Agent systems increasingly ship traces, evals, receipts, and research claims faster than their evidence can be re-checked. We introduce proof debt: the state where a claim still has a source, but the source, producer, or scope has changed enough that repeating the claim would overstate what is currently proven. We ran a deterministic ledger over Armalo's public research claims registry, public research papers, and future Labs preregistration agenda. The ledger audited 282 claim units. It found zero missing-source errors and zero unregistered post-effective-date research papers, but 20 refresh-required code-reference claims, for a stale_overclaim_rate of 0.0709. The reusable artifact is a four-bucket proof-debt scorecard: registry integrity, freshness integrity, public paper coverage, and future Labs materialization. The result suggests that claim registries catch fabricated or missing evidence, but fast-moving agent systems also need refresh-before-repeat gates for code-backed claims.

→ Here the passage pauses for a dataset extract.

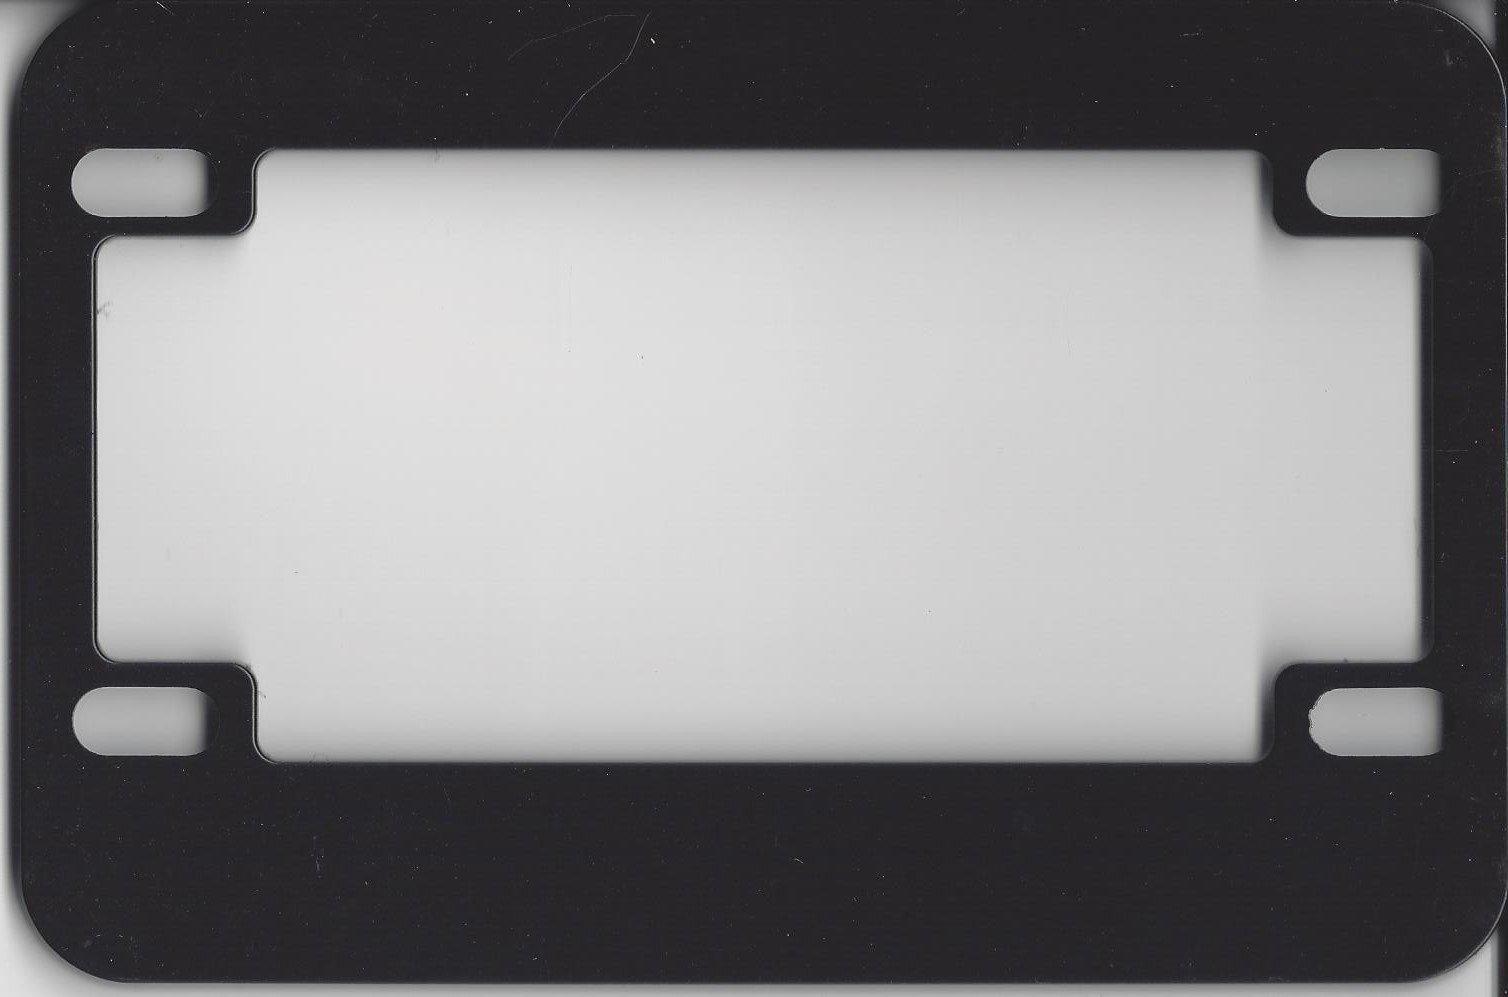 Motorcycle License Plate Frame (Blank Black Metal)

Agent research does not usually fail because no evidence ever existed. The quieter failure is that evidence gets old while the claim keeps traveling. A benchmark result, code-reference claim, model-routing statement, or production measurement may have been true at publication time and still become risky when the underlying source changes. We call that gap proof debt.

Proof debt is not ordinary technical debt. Technical debt lives in the implementation. Proof debt lives in the claim layer: the paper, dashboard, benchmark card, investor memo, sales deck, trust score, or agent receipt that repeats a result after its proof boundary has moved.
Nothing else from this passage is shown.